Series of operations are divided into the following phases to use AI: 1) monitoring (detection), 2) analysis, 3) control and restoration of various factors. AI-related technology required in each phase varies, but it is possible to significantly improve learning accuracy by fully exploiting the massive data resources held by telecommunications carriers.
In worksites of maintenance and operation, necessary judgments and controls come down to the skills of maintenance personnel. Experienced personnel and maintenance personnel can instantly analyze and judge situations in the event of a breakdown, and take appropriate action, but it is far from easy to find employees with extensive experience.

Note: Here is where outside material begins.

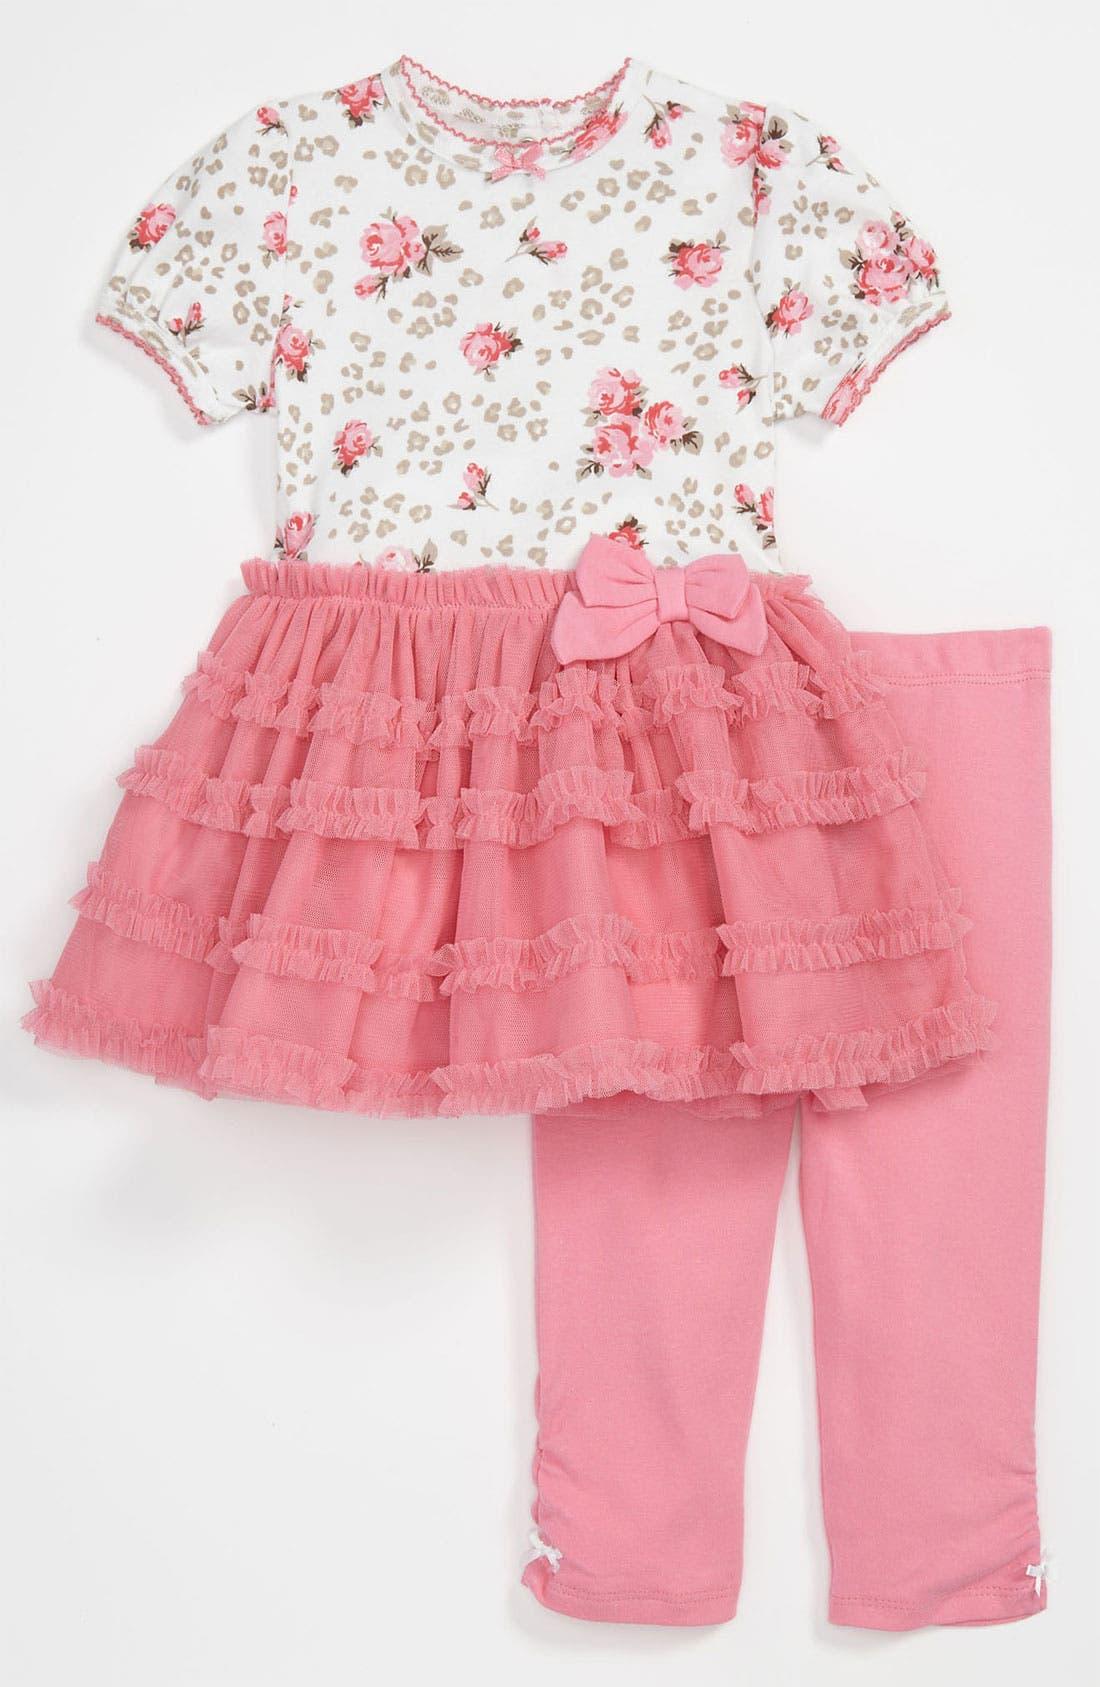 Alternate Image 1 Selected - Little Me 'Leopard Rose' Dress & Leggings (Infant)

Great stress is placed on experienced employees at worksites that require 24-hour, 365-day breakdown support, and are more likely to end up in circumstances with the risk of relying on certain employees.
The work flow of maintenance personnel in maintenance and operation can be broken down into three elements: information collection, analysis and judgment, and control.

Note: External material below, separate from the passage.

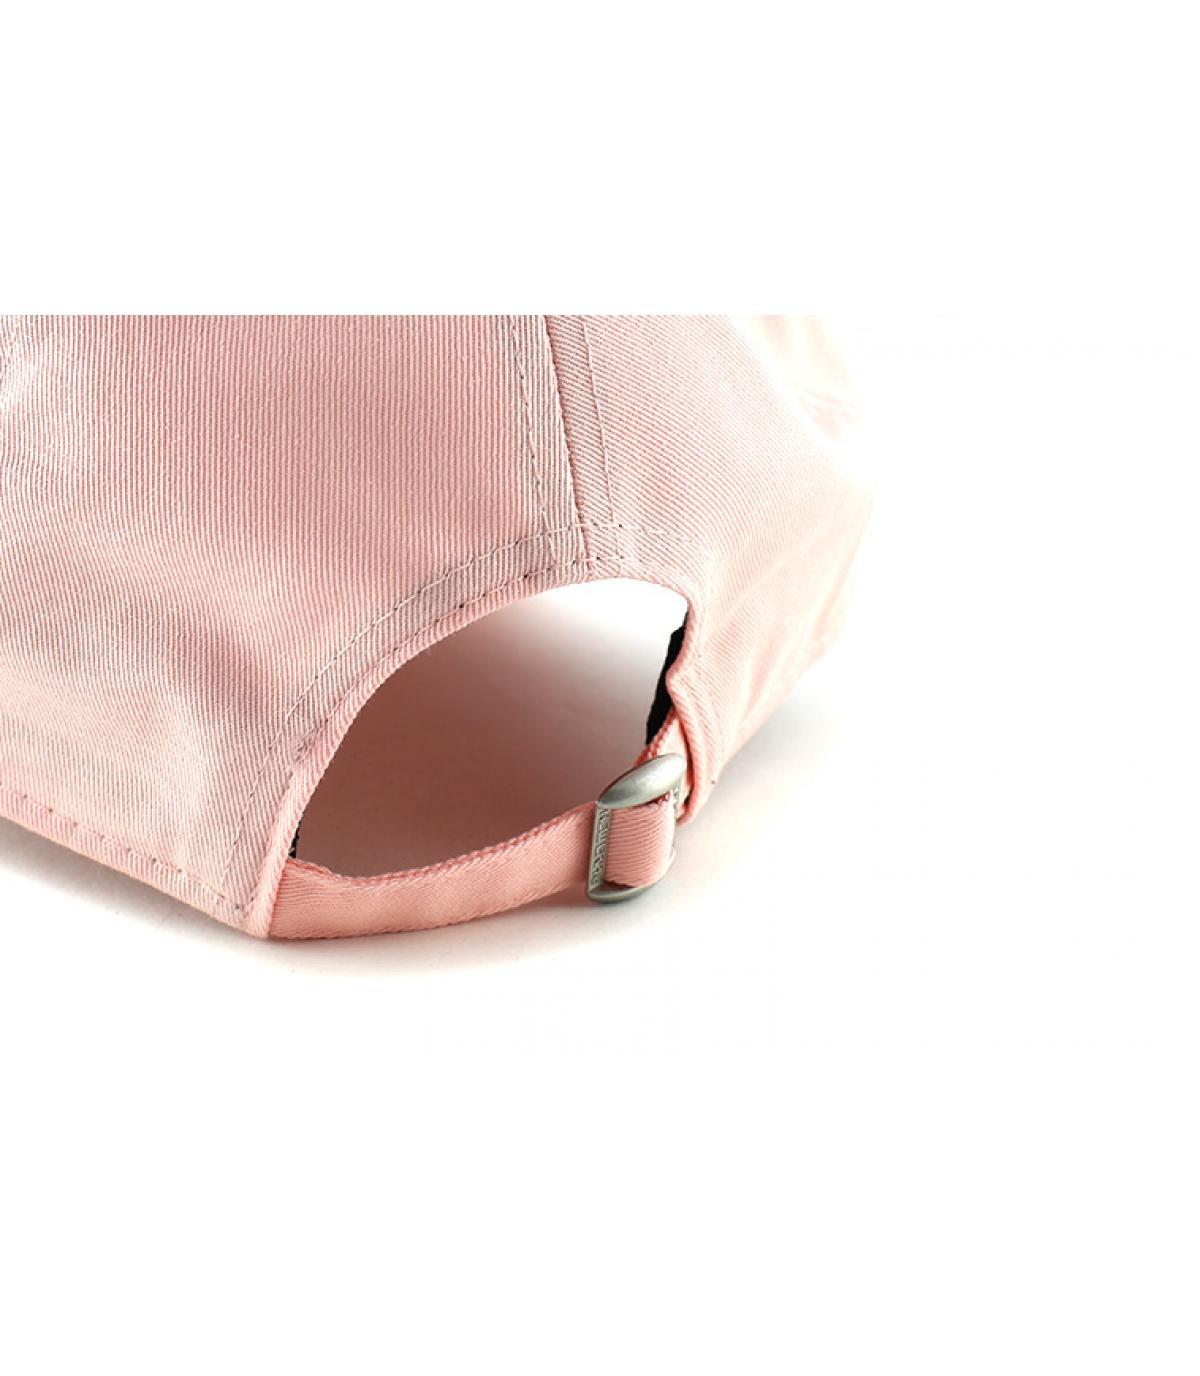 Détails Casquette Femme NY League Essential pink - image 5

In the first step, information collection, AI analyzes user reports and alarms on behalf of maintenance personnel, then manages and aggregates incidents and countermeasures.
In the second step of analysis and judgment, personnel compare information continuously aggregated on a regular basis in the information collection step against service standards for guaranteeing service quality, and create a foundation for analysis and judgment by system-linked AI.
Furthermore, by making the AI learn the subdivided judgment process of maintenance personnel, it is able to construct an autonomous control loop group for dealing with multiple events.
With the progress of AI-based learning and the advancement of autonomous control loops, multiple tasks that were previously handled by maintenance personnel can be automated sequentially. As more progress is made, AI will be able to implement priority judgment and automatic control based on that judgment, using information matched to service standards.
Ultimately, NTT Information Network Laboratory Group aims to build autonomous control loops that enable zero-touch operation.
With the increase of natural disasters in recent years, networks must be more resilient and flexible than ever before.
NTT Information Network Laboratory Group is constantly researching and developing operational technologies to that end.
The “Disaster Countermeasure Subscriber Wireless System (TZ-403D)” is a system that connects NTT buildings and evacuation centers to provide services such as special public telephones at evacuation centers. Using this system, it is possible to do non-line-of-sight communication between parties tens of kilometers apart. In addition, multiple terminal stations installed in evacuation centers can be accommodated in one base station, making it possible to open not only temporary telephone lines but also Internet connections and special Wi-Fi access points.
During the “Heavy Rains of July 2018 (Western Japan Heavy Rains)”, base stations were set up at the NTT building in Soka City, Okayama Prefecture, while terminal stations were installed at two evacuation shelters in the Mabi District of Kurashiki City, Okayama Prefecture, which was severely damaged by flooding. In this case study, the system overcame the problem of the mountain between the NTT building and the evacuation center, enabling uninterrupted communication with both evacuation centers for more than a month.
NTT Information Network Laboratory Group will work on research and development of networks with optimal functions, such as rapid ICT deployment and configuration optimization. We will continue to accelerate digital transformation (DX) in order to realize a new era of social infrastructure with networks.